To address this issue, the disclosed technology can be implemented in some embodiments to provide a metalens structure in which nano posts are formed in vertically stacked layers, with each layer laterally shifted relative to the layer below it. In some implementations where upper nano posts are disposed on lower nano posts, an oxide layer is formed between the upper nano posts and the lower nano posts for structural support, a support layer (e.g., oxide layer) is formed between the upper and lower nano posts.

FIG. 2 is a schematic diagram illustrating an example structure of a metalens layer formed in a central portion of the pixel region shown in FIG. 1 based on some embodiments of the disclosed technology. FIG. 3 is a schematic diagram illustrating an example structure of a metalens layer formed in an edge portion in the pixel region shown in FIG. 1 based on some embodiments of the disclosed technology.

Referring to FIGS. 2 and 3, the image sensing device may include a substrate layer 110, a color filter layer 120, an overcoating layer 130, an etch stop layer 140, and a metalens layer 150.
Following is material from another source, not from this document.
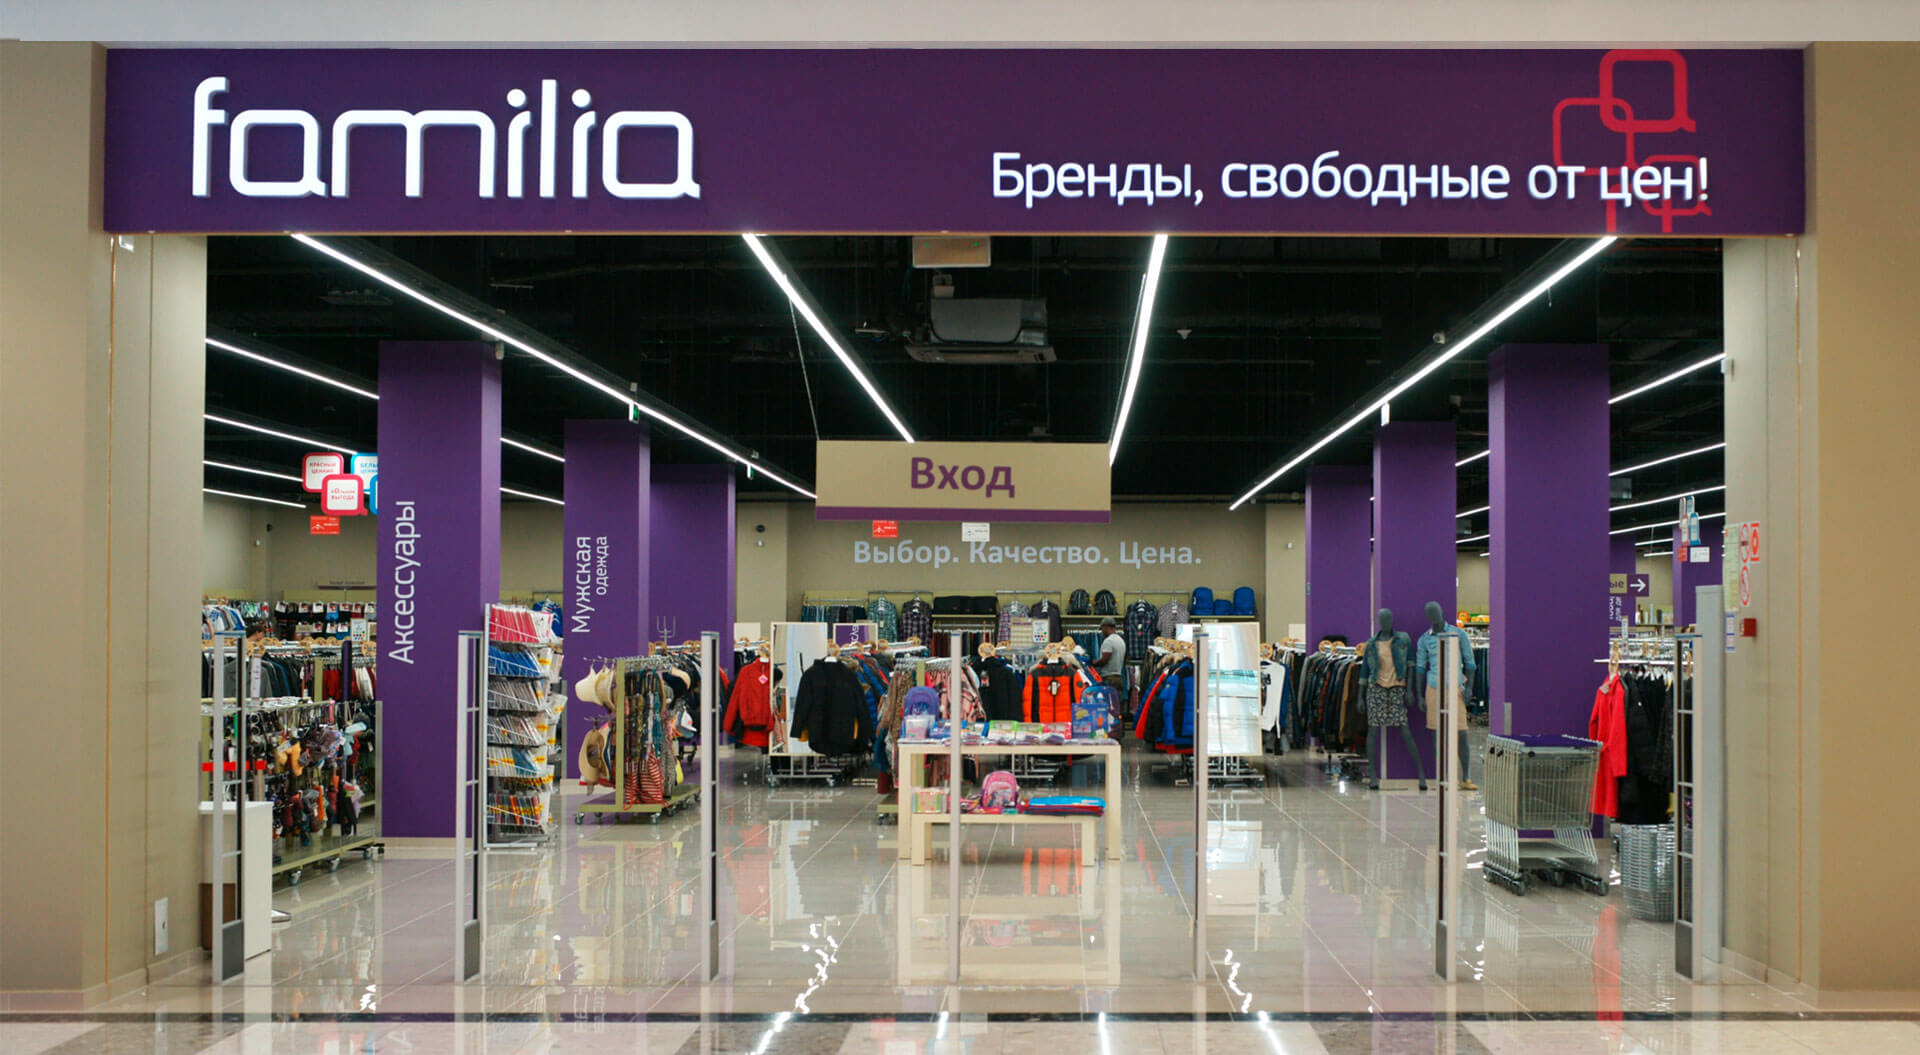 Innovative corporate brand identity, best store interior design agency, fashion retail, integrated marketing and communications strategy - Familia Russia

The substrate layer 110 may include a semiconductor substrate having a first surface and a second surface opposite to the first surface. From the perspective inside the semiconductor substrate, the first surface and the second surface face each other. In some implementations, the first surface is a surface upon which light is incident, and the color filter layer 120, the overcoating layer 130, the etch stop layer 140, and the metalens layer 150 may be formed thereon. The semiconductor substrate may be in a monocrystalline state, and may include a silicon-containing material. That is, the semiconductor substrate may include a monocrystalline silicon-containing material. The semiconductor substrate may include the photoelectric conversion elements 112 that can convert incident light received through the first surface of the semiconductor substrate into photocharges.

The color filter layer 120 may include a plurality of color filters arranged to respectively correspond to the unit pixels. The color filters may be arranged in a Bayer pattern. The color filter layer 120 may include a grid structure disposed between the color filters to prevent crosstalk between the color filters.

The overcoating layer 130 may be disposed over the color filter layer 120, and may operate as a planarization layer to remove a height difference between the grid structure and the color filters. The overcoating layer 130 may include a material that is transparent to visible light, for example, a dielectric material (e.g., SiO₂, siloxane-based spin on glass (SOG), etc.) that has a lower refractive index than nanostructures (nano-posts) of the metalens layer 150 and a low absorption rate in the visible spectrum. The overcoating layer 130 may include a material and thickness that can achieve a target refractive index together with the etch stop layer 140. The target refractive index may be a theoretical refractive index designed for the effective medium disposed between two materials, so that a light reflectivity occurring at an interface between materials with different refractive indices can be minimized.

The etch stop layer 140 may be formed over the overcoating layer 130 and may serve as an etch stop to protect the overcoating layer 130 during the etching process for forming one or more first nano-posts 152a. The etch stop layer 140 may include an ultra-low-temperature oxide (ULTO) layer.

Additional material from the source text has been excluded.